An example is the collaboration with the Amsterdam ArenA stadium, where real-time traffic information data will help improve mobility. Other projects focus on energy-saving lighting, public WiFi and even a self-steering garbage-collection boat to keep the city’s canals clean. Amsterdam aspires to have the best energy system of all the world’s capitals, and this ambition will benefit from its existing ecosystem of companies that combine their expertise in areas such as IT, electronics and energy.
Amsterdam's Knowledge Mile
Amsterdam’s Wibautstraat is known as the Knowledge Mile, because it has more students than any other street in the city. This dense concentration of students can help connect the creativity and technology of tomorrow with the urban challenges of today. And Amsterdam’s Knowledge Mile is about to get even smarter: Matthijs ten Berge, director of the Amsterdam Creative Industries Network (ACIN), plans to turn this two-kilometre stretch of road into an ‘applied research ecosystem’, a living laboratory where urban issues can be tackled.
The ACIN acts as an interface between the area’s industries, government bodies and educational organisations. One example is the Refugee Company, a startup that connects refugees with jobs, giving them a chance to work as they await their legal status.
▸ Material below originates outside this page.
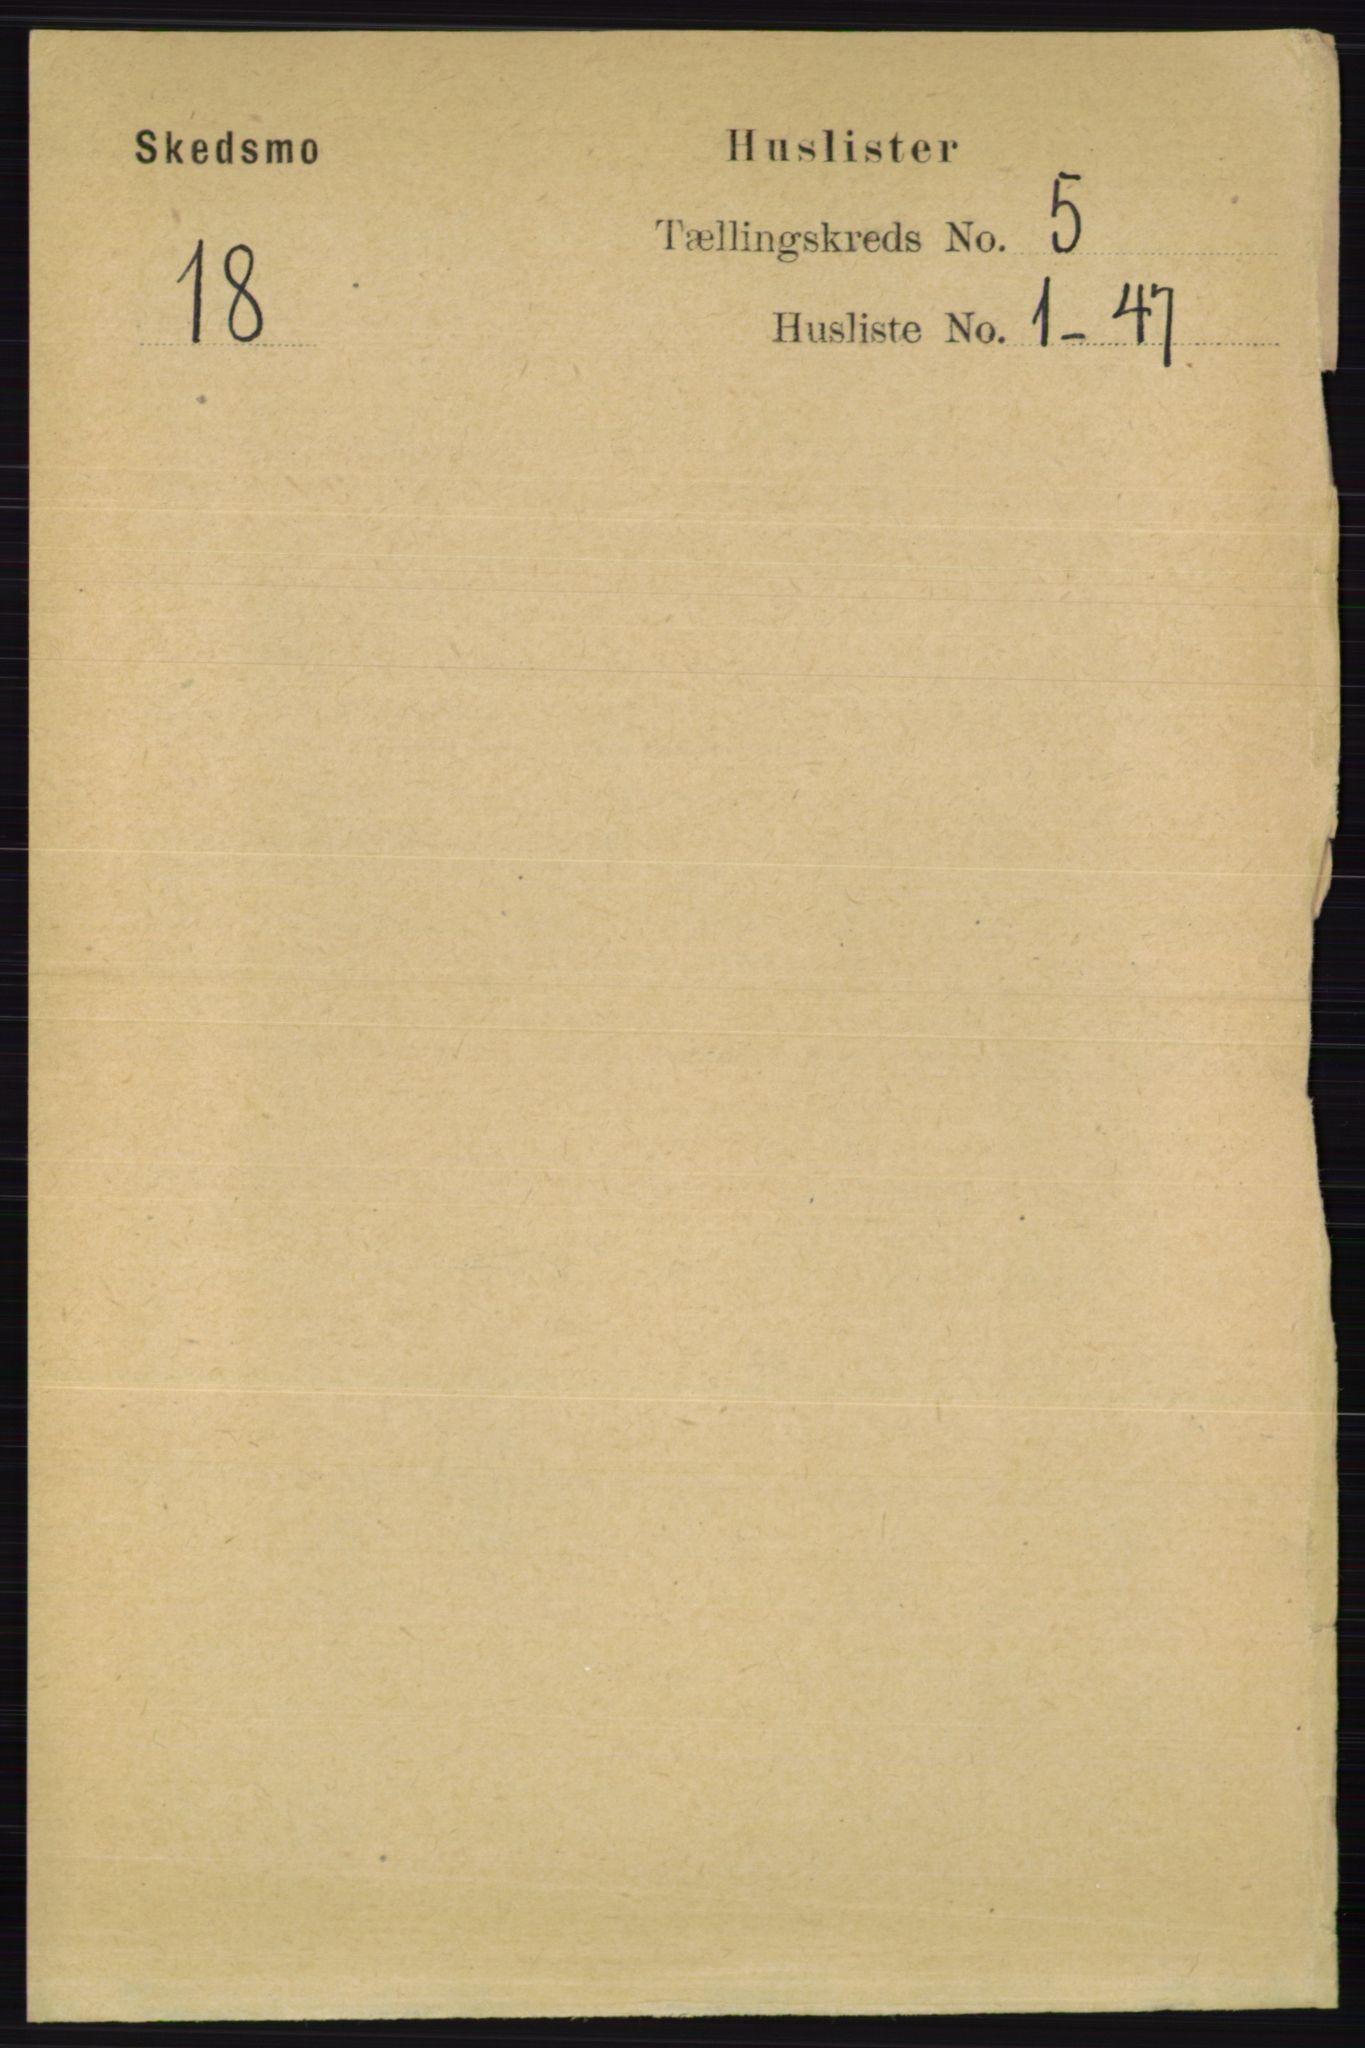 RA, Folketelling 1891 for 0231 Skedsmo herred, 1891, s. 2245

The project has already helped set up a cheese factory in one refugee camp. Another collaboration, with the Amsterdam University of Applied Sciences, is the Amstelhuis, a home for able-bodied seniors. This privately run facility provides affordable rental apartments, and residents are encouraged to become more independent, for example via lessons on using an iPad, Skype or the Dutch train system.
Mastering the science of water
Another example of the city as a living lab is the new consortium known as Amsterdam Water Science, which brings together two university communities, local water authorities and businesses. Together they innovate in the field of water science, and Amsterdam and its water-rich environment serve as a testing ground for the group’s research and education. Dr Elco Koks, for example, has been looking into the effects of extreme weather events on the Port of Amsterdam. His work considers a wide variety of ‘what if’ scenarios, which may also be of use to other regions and cities, as well as across different businesses, such as oil companies and data centres.